SaFi Bank Space : Thought Machine for SandBox TM-3 (Manual Installation)

Content Sections

Preparation

Gcrane utility for recursively copying the container images between (Google in this case, but should be generally for all) container repositories:

gcrane cp -r asia.gcr.io/safi-sandbox-tm3 asia.gcr.io/safi-sandbox-tm4 | tee asia.gcr.io_safi-sandbox-tm3-tm4-copy.lst

Step 0 - Access to the Kubernetes in GCP project

After Terraform run there is a Bastion server instance created in the GCP, which can be used as a gateway to access the GCP resources. One of the parameters specified in Terraform is a public key to put in the instance template.

Log in to the bastion via GCP ssh, using the private key:

gcloud compute ssh <bastion-instance-name> --zone=asia-southeast1-a --ssh-key-file=/home/<user>/.ssh/<ssh-private-key-file>

gcloud utility will log you in as current user (name as you are logged in on the local machine).

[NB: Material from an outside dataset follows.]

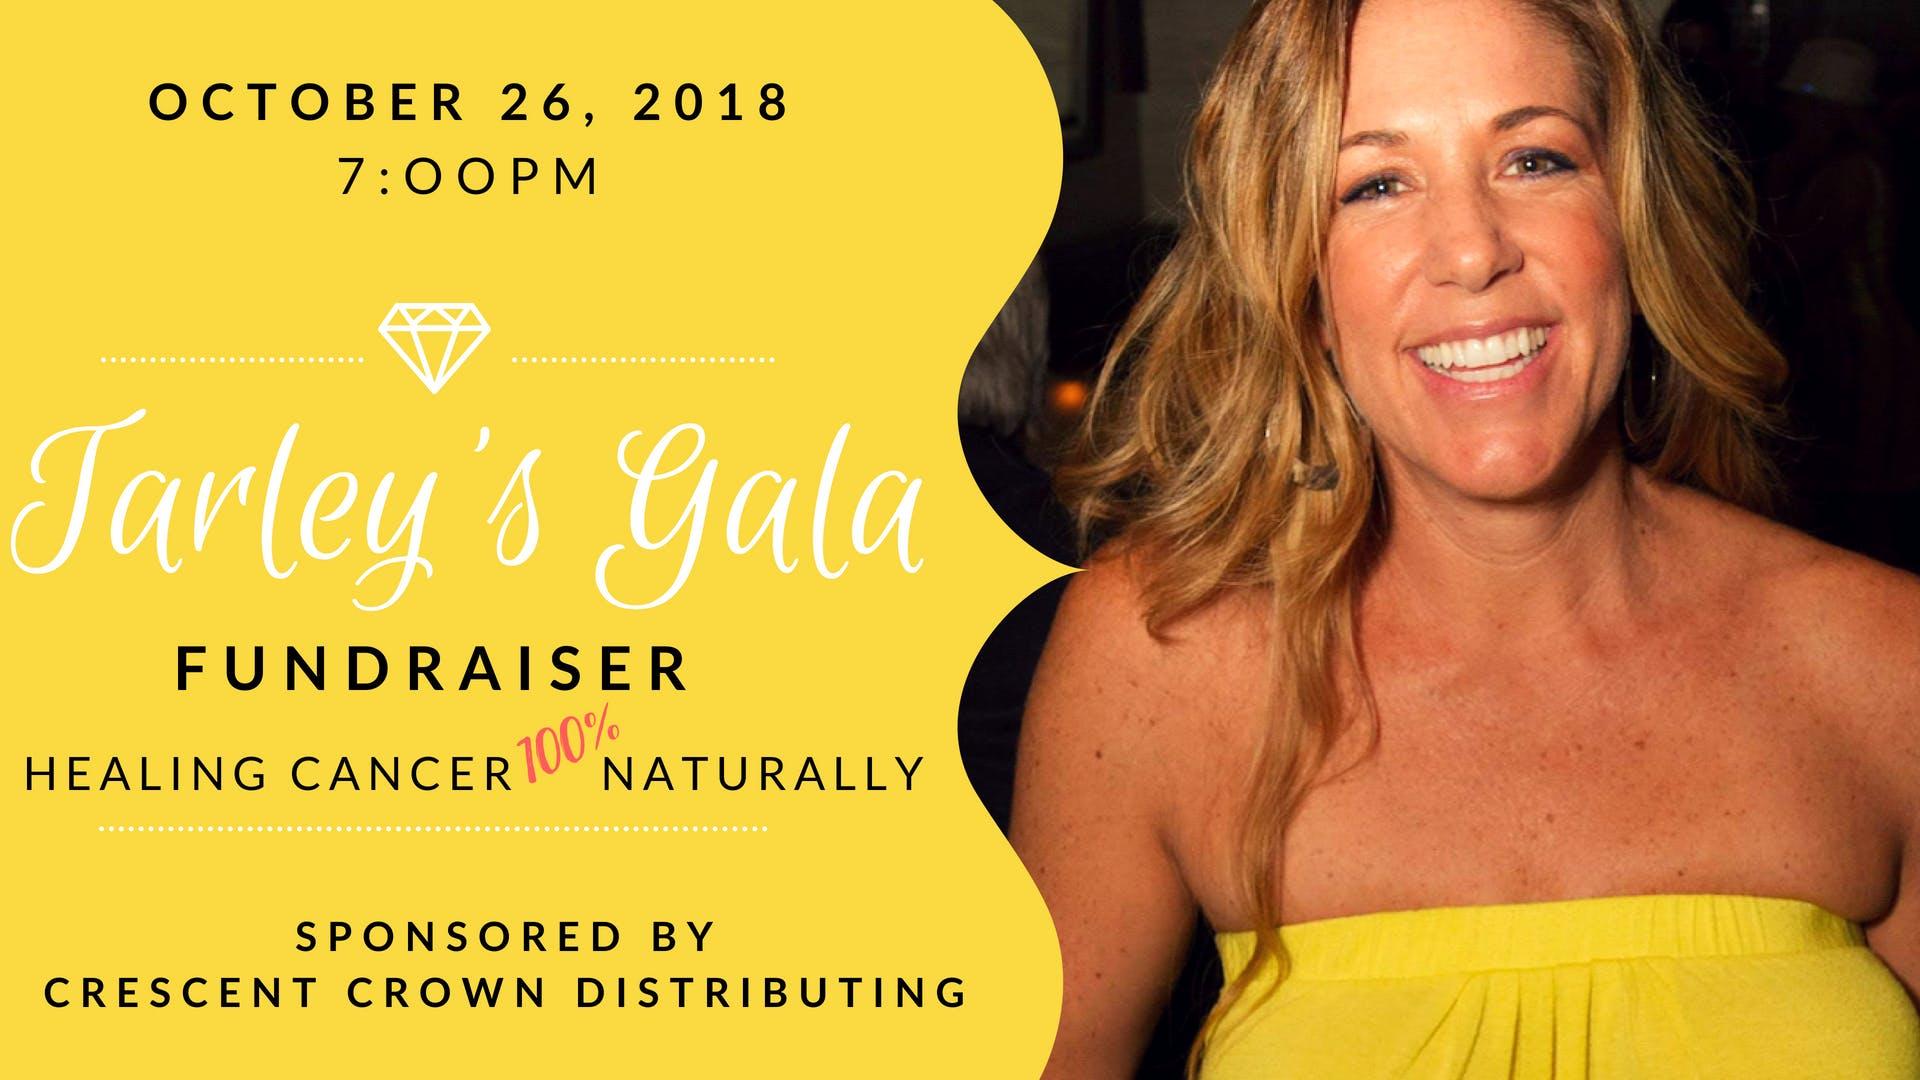 Tarley's Gala:  Healing Cancer 100% Naturally

Create socks5 proxy - dynamic port forwarding, ssh will run in background without visible terminal:

gcloud compute ssh <bastion-instance-name> --zone=asia-southeast1-a --ssh-key-file=/home/<user>/.ssh/<ssh-private-key-file> -- -fN -D 8888

afterwards you use local kubectl through the proxy:

https_proxy=socks5://localhost:8888 kubectl get nodes

Note: this approach does not seem to work with kubectl exec commands, as they use SPDY2 protocol, only kubectl get commands.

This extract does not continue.